А потом возлюбленный ее внезапно пропал. Побежала пострадавшая в милицию, а там пожали плечами. Что, мол, вы хотите – война! Заплакала Мотенька и к большому стенду на противоположной стене отвернулась. А там на нее весело скалился тот самый Олежек Макарский, по-настоящему именуемый Василием Тимофеевичем Ковригиным, у которого она была в постели накануне кражи. «Их разыскивает милиция», – было написано на этом стенде.
И тогда поняла жертва мошенника, что недаром не пошел в ее хоромы новый избранник сердца, а уболтал женщину остаться в небольшом гостиничном номере. Эх, дура она, дура! Пошарила горемыка по сусекам и наскребла кое-что из провизии. Но этой провизии надолго не хватало, а война обещала быть затяжной, если вообще когда-нибудь закончится. И тогда Иванова пошла к Крышкину.
– Все тепленькие местечки уже давно заняты, – встретил ее неприветливо Харитошка. – Иди на завод, там паек и небольшие льготы.
Покрутилась ночью в опустевшей постели Матрена, повертелась и решила к директору завода обратиться. Не зря же он в их доме харч ел!
– Рабочей, – не глядя на бывшую собутыльницу, распорядился Игнатий Матвеевич. – Во второй цех.
– Но, я ничего не умею, – по-собачьи заглядывая в глаза «товарища начальника», захлюпала носом Мотенька. – И Гриша бы был вам очень благодарен…
– А знаешь ли ты, что мне будет за срыв производственной программы, ядрена Матрена? – возмутился руководитель предприятия. – Три-бу-нал! Каждый человек сейчас на вес золота!
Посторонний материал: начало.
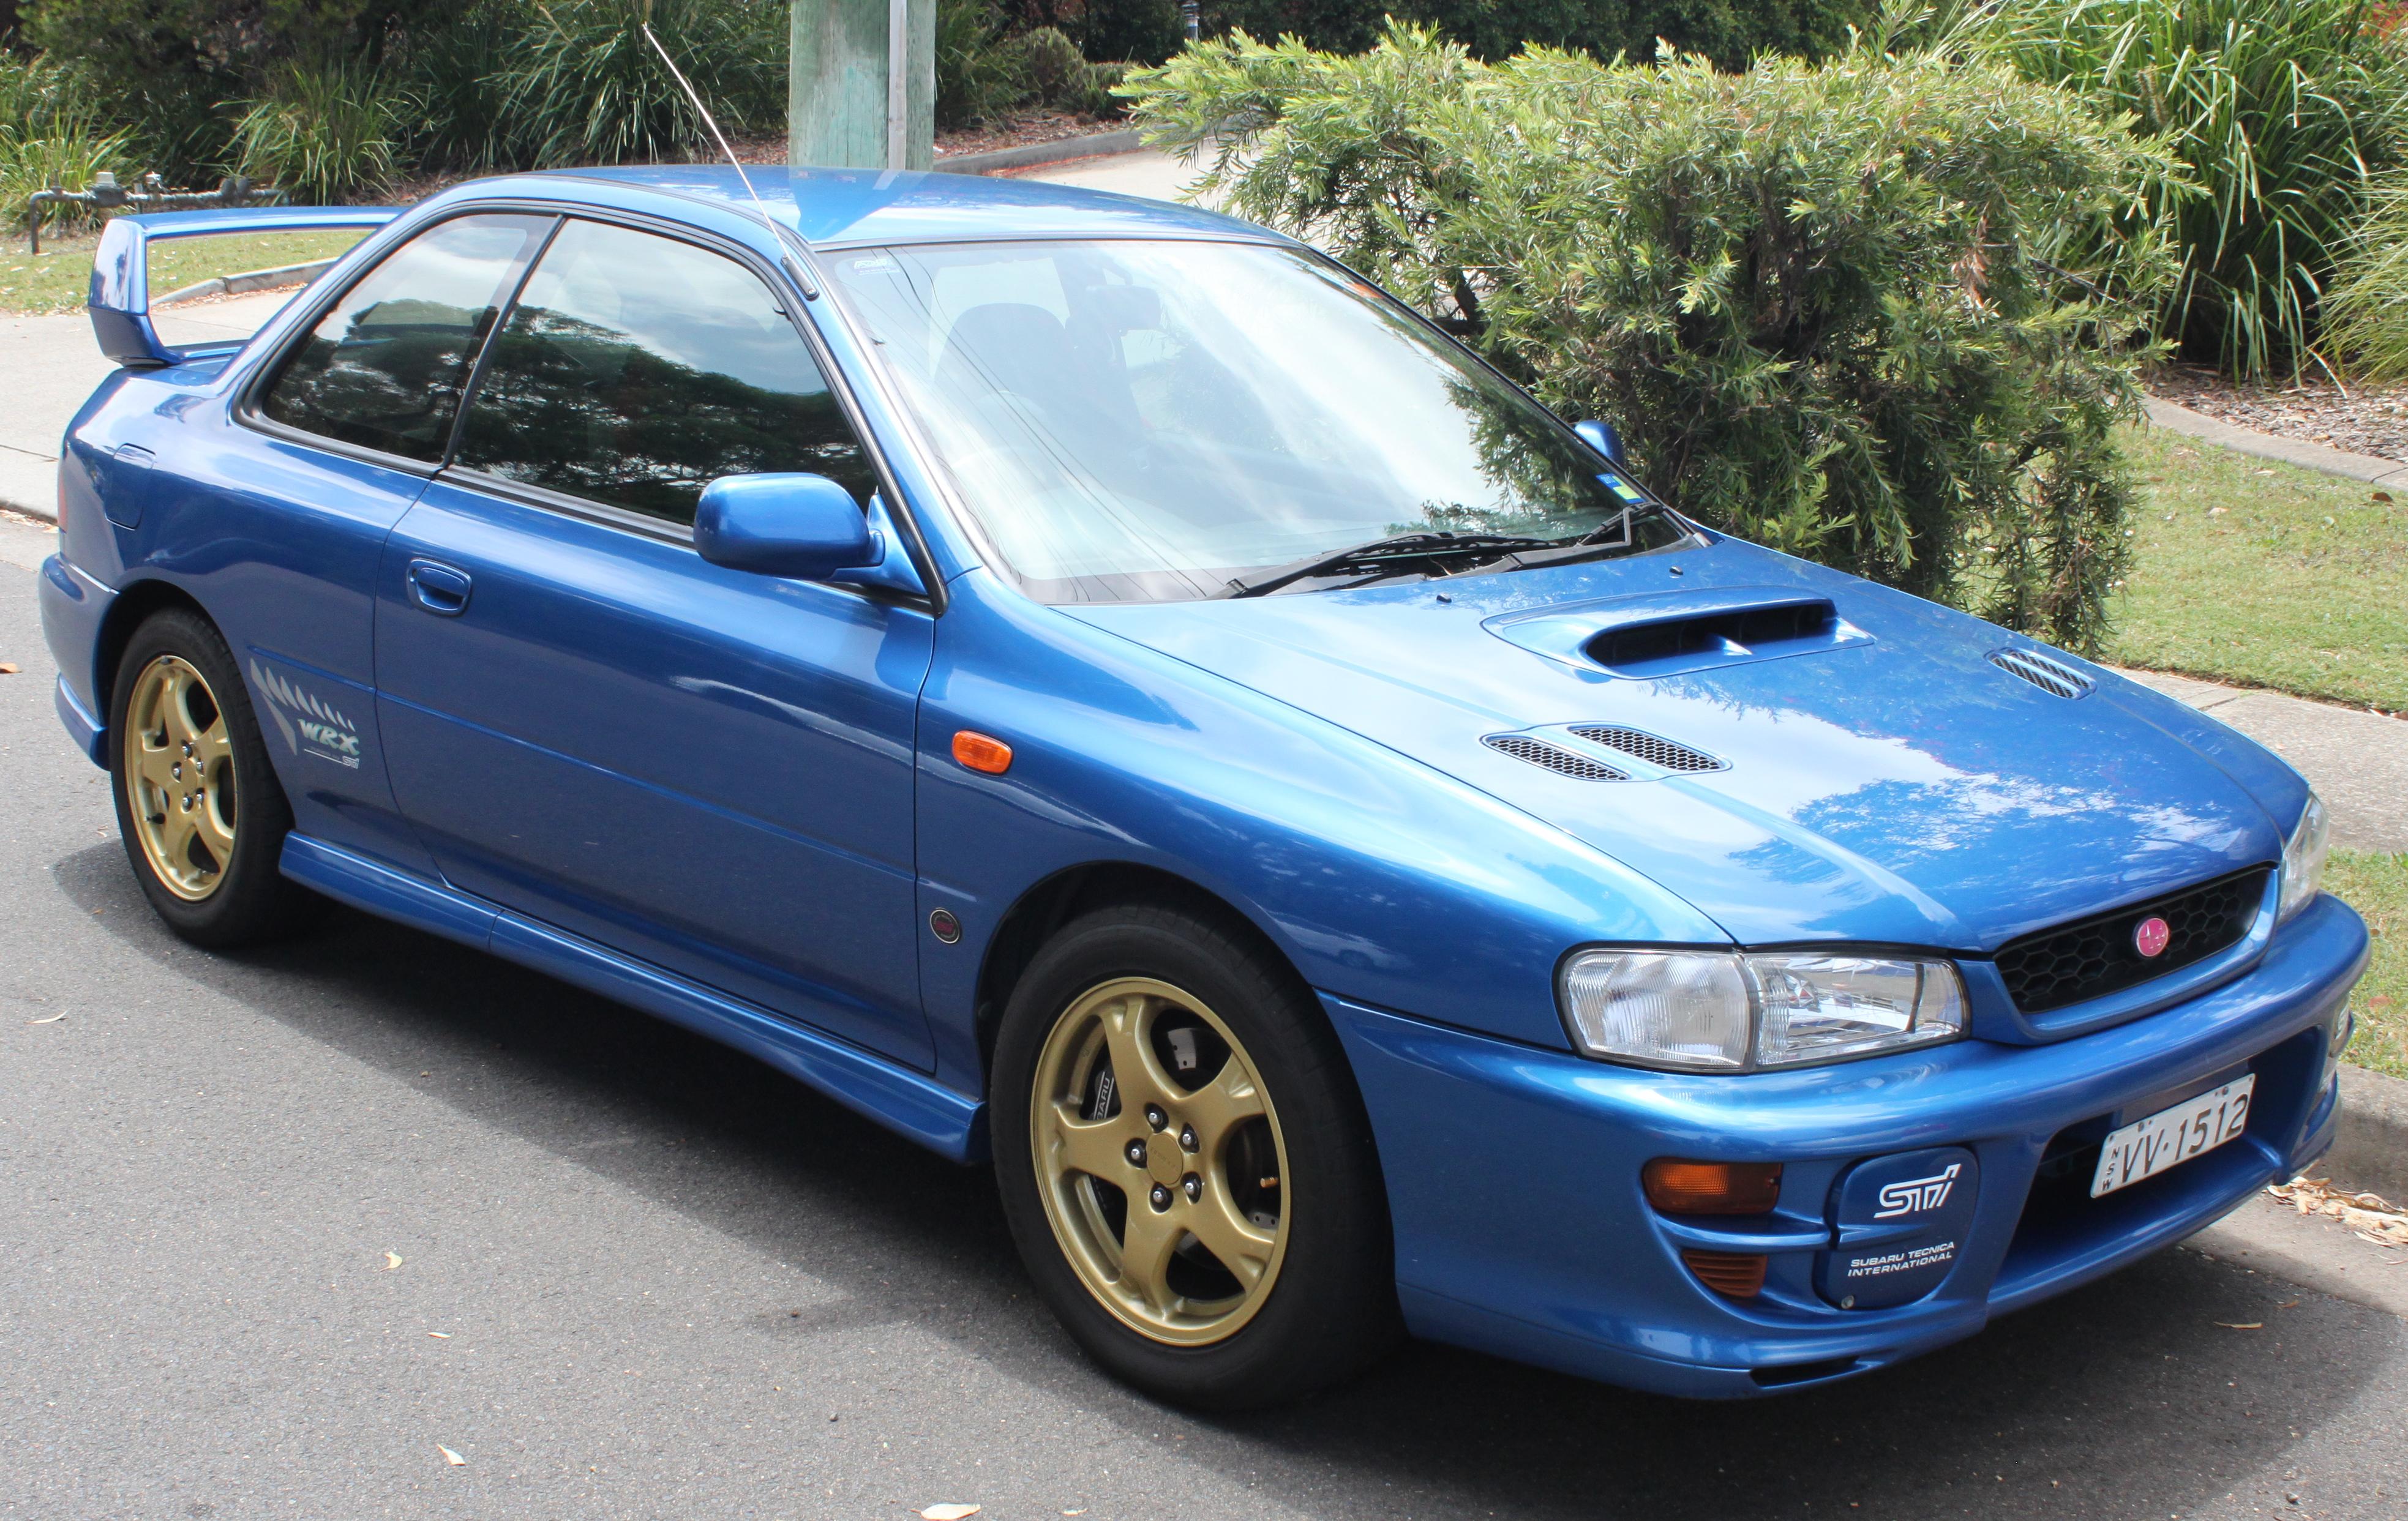 file:1999 subaru impreza (my99) wrx sti version 5 coupe

Ступай, обучат!
И она, выдворяемая обидой и голодом, пошла. Непривычно было подниматься в пять часов утра, непривычно было обходиться без прислуги, а тем более в одиночку шагать по темным еще улицам того города, где она когда-то была хозяйкой. А в цеху от новенькой отворачивались и сквозь зубы отвечали на ее вопросы те, которых она всегда презирала.
– Комиссарша, – не раз слышала она за своей спиной, – первая блудница Михайловска.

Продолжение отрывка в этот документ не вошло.